Written By: Chris Burton
In today’s higher education landscape where administators often find themselves in the crossfire of increased scrutiny and accountability, the executive conference room can feel much like a courtroom. Perspectives are challenged, data is scrutinized and truths revealed. One such truth is the reality of how student retention impacts our nations institutions.
I read an article not long ago about consumer choice in education and it reminded me of the movie A Few Good Men, and the famous scene when Lt. Kaffee (Tom Cruise) interrogates Col. Jessup (Jack Nicholson) on the ordering of a “code red” resulting in the death of a soldier.
Col Jessep: I’ll answer the question. You want answers?
LT Kaffee: I think I’m entitled to them.
Col Jessep: You want answers?!
LT Kaffee: I want the truth!
Col Jessep: You can’t handle the truth!
Have you ever stopped and asked yourself, “Is there a truth I’m not willing to address because I’m not sure I want to know the answer?” That truth is this: Students are frustrated by long lines and hold times, difficulty getting questions answered, and downright upset with their schools’ inability to provide basic customer service.

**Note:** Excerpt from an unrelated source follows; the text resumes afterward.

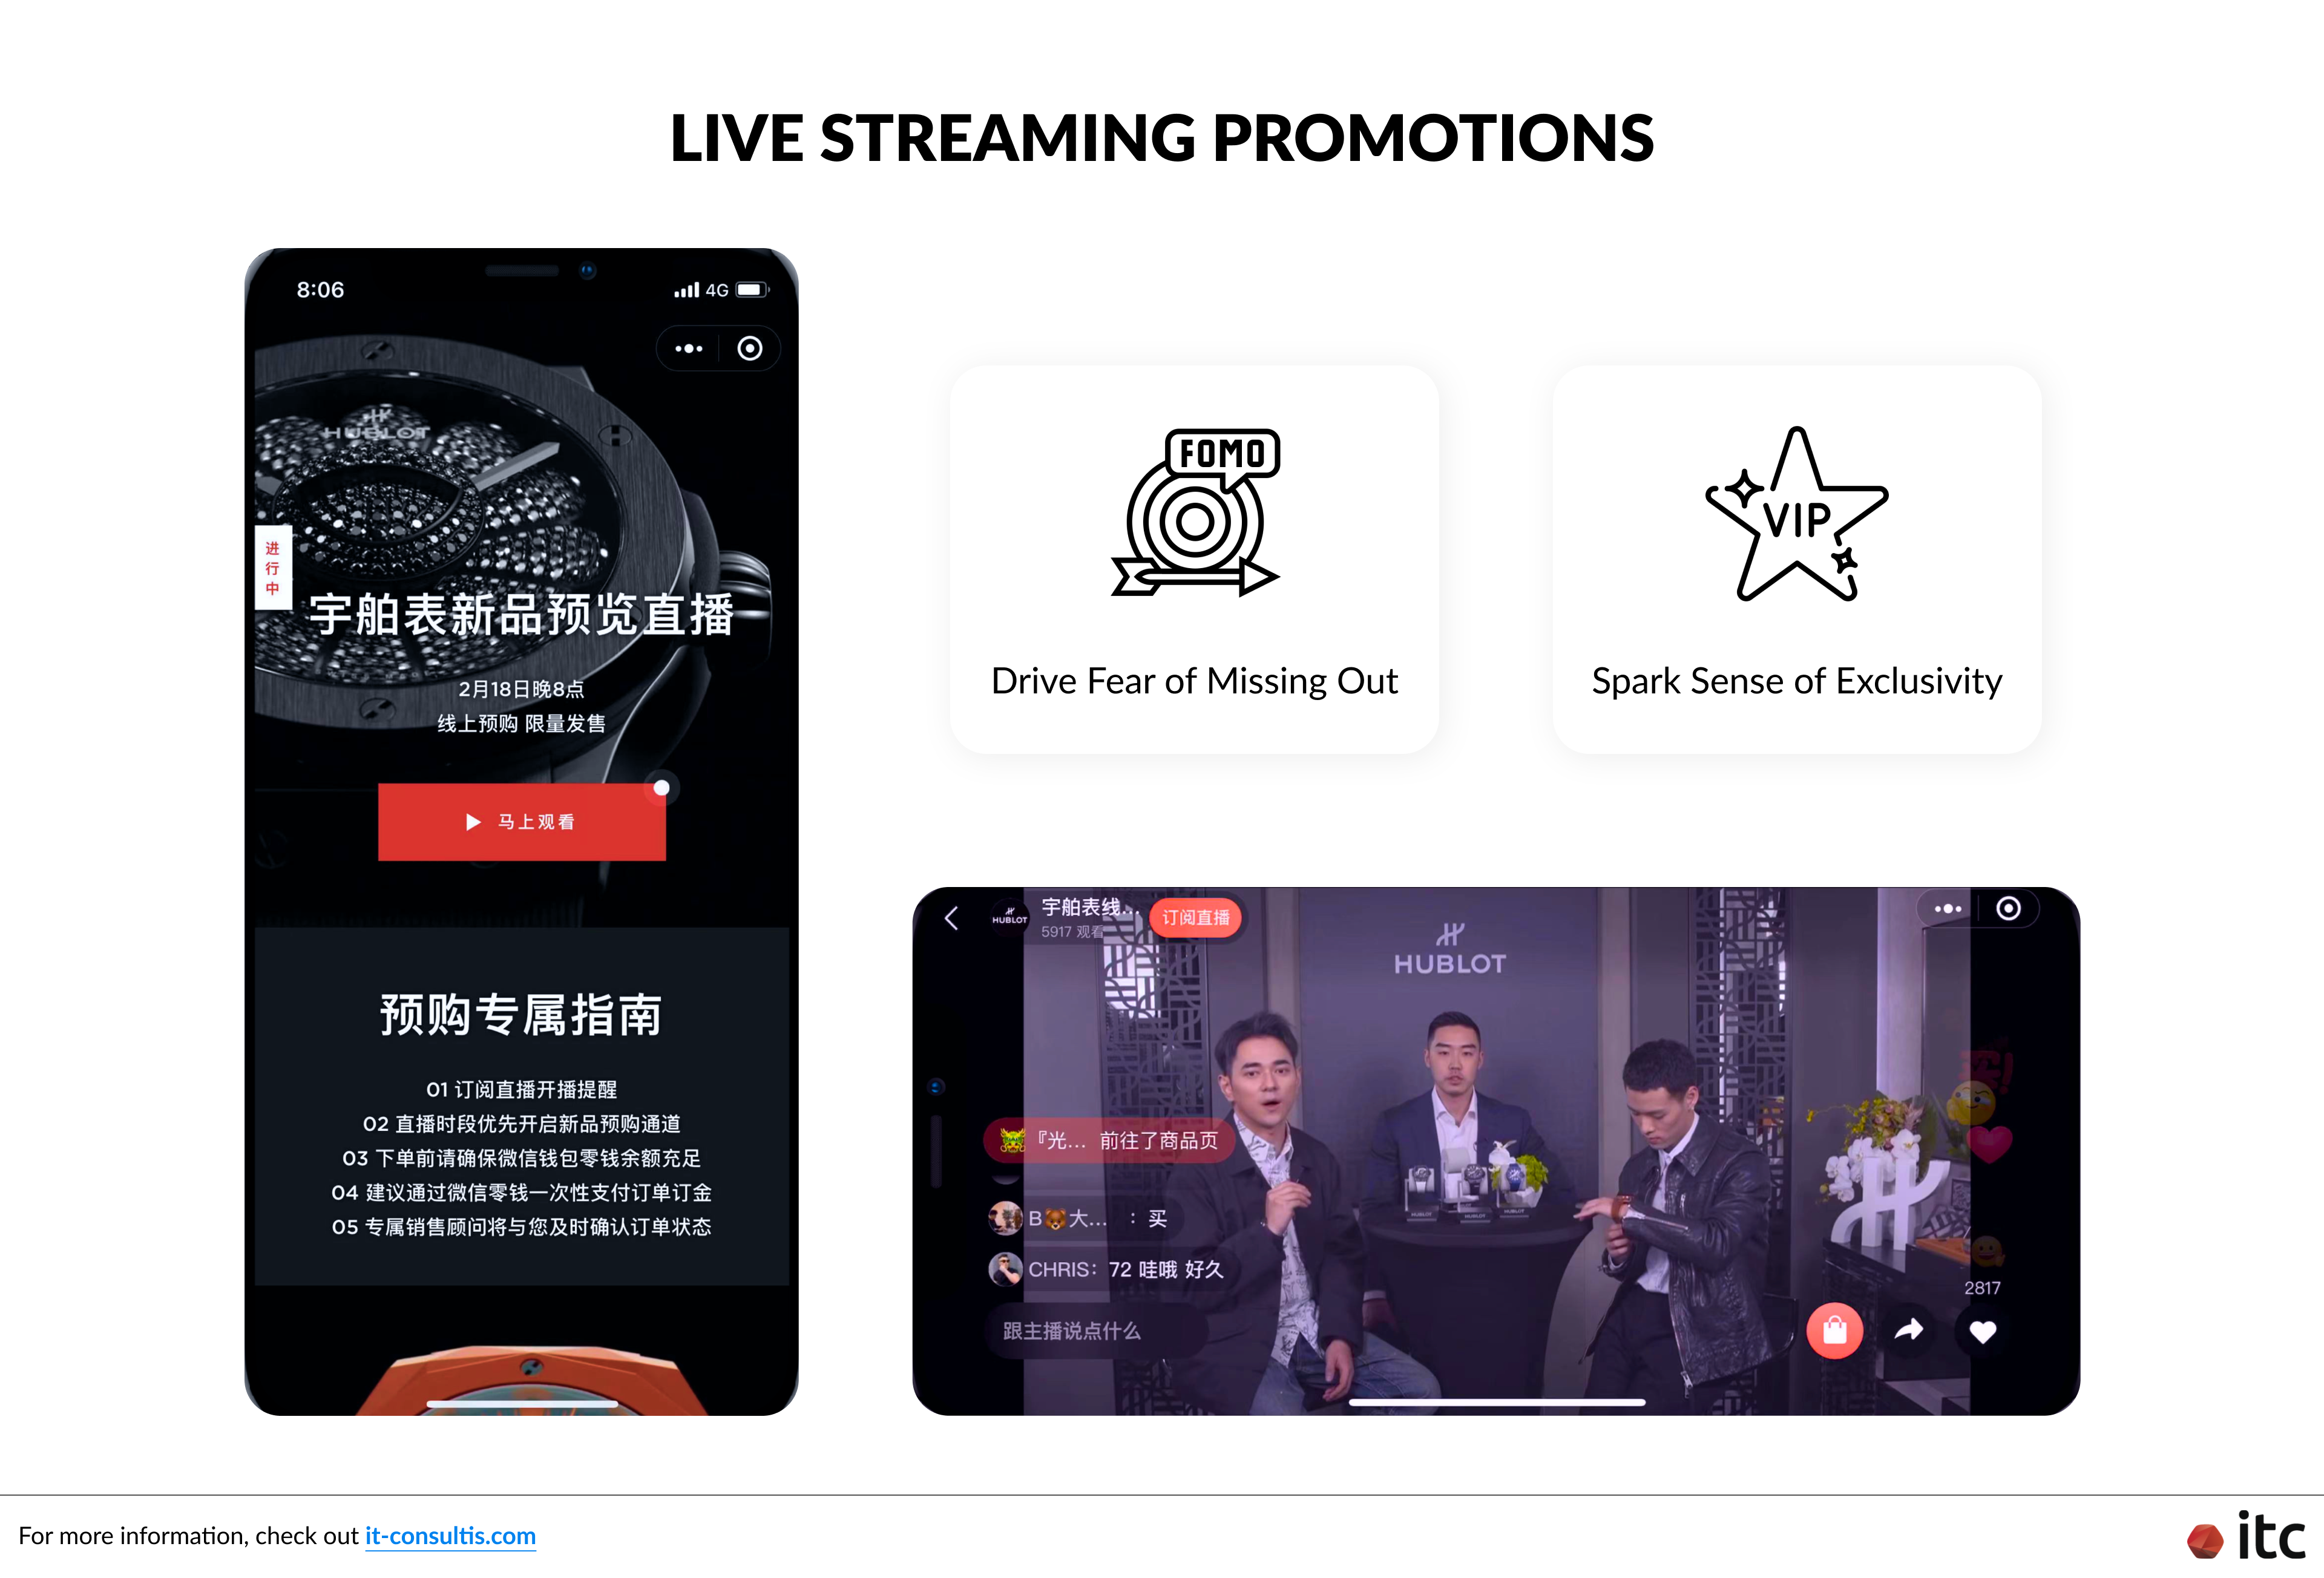 Hublot also leveraged live streaming promotions to drive Fear of Missing Out (FOMO) and spark a sense of exclusivity among users

We all want answers, but sometimes we’re not willing to face hard truths. Perhaps it’s fear. Perhaps lack of awareness. Either way, the outcome is the same…more and more students continue stepping out of their education because of substandard service levels. Here are some difficult truths many are reluctant to address:
Many Student Service departments are under-resourced, understaffed, and as a result, under performing
During peak call seasons, some departments turn off voicemail systems because they’re overrun with walk up traffic
In 2013, the cost of student attrition topped $16.4B, with the average school losing just under $10M in tuition revenue
Only 60% of first-time, full-time students who began seeking a bachelor’s degree at a 4-year institution in fall 2008 completed the degree at that institution by 2014
Now we find ourselves in the courtroom staring down the prosecutor from the witness stand. Our palms are sweaty, but we know the truth must come out. Is this not the dilemma you face in the executive conference room when you look among your colleagues and everyone has their fingers pointing out instead of at themselves.
It’s time to tell the truth about what you can do to take ownership of the facts and begin making improvements. Here are some suggestions on where to start…
1 All incoming phone calls answered by a live person (track call data for performance improvement)
2 Resolve student questions in a single call or chat session (aim for 90% first call resolution)
3 Analyze data and make improvements (if you know why people are calling in, you can make adjustments to self help tools to reduce call volume)
4 Train student facing personnel to be quick, calm and friendly (soft skills development)
It is time all of my higher education colleagues come together to challenge each other to tell the truth at the table. It is time to work toward improving service in higher education, ultimately bringing to bear what we all desire – a sustainable future for our schools and the next generation of graduates and leaders. It is time to start handling…THE TRUTH.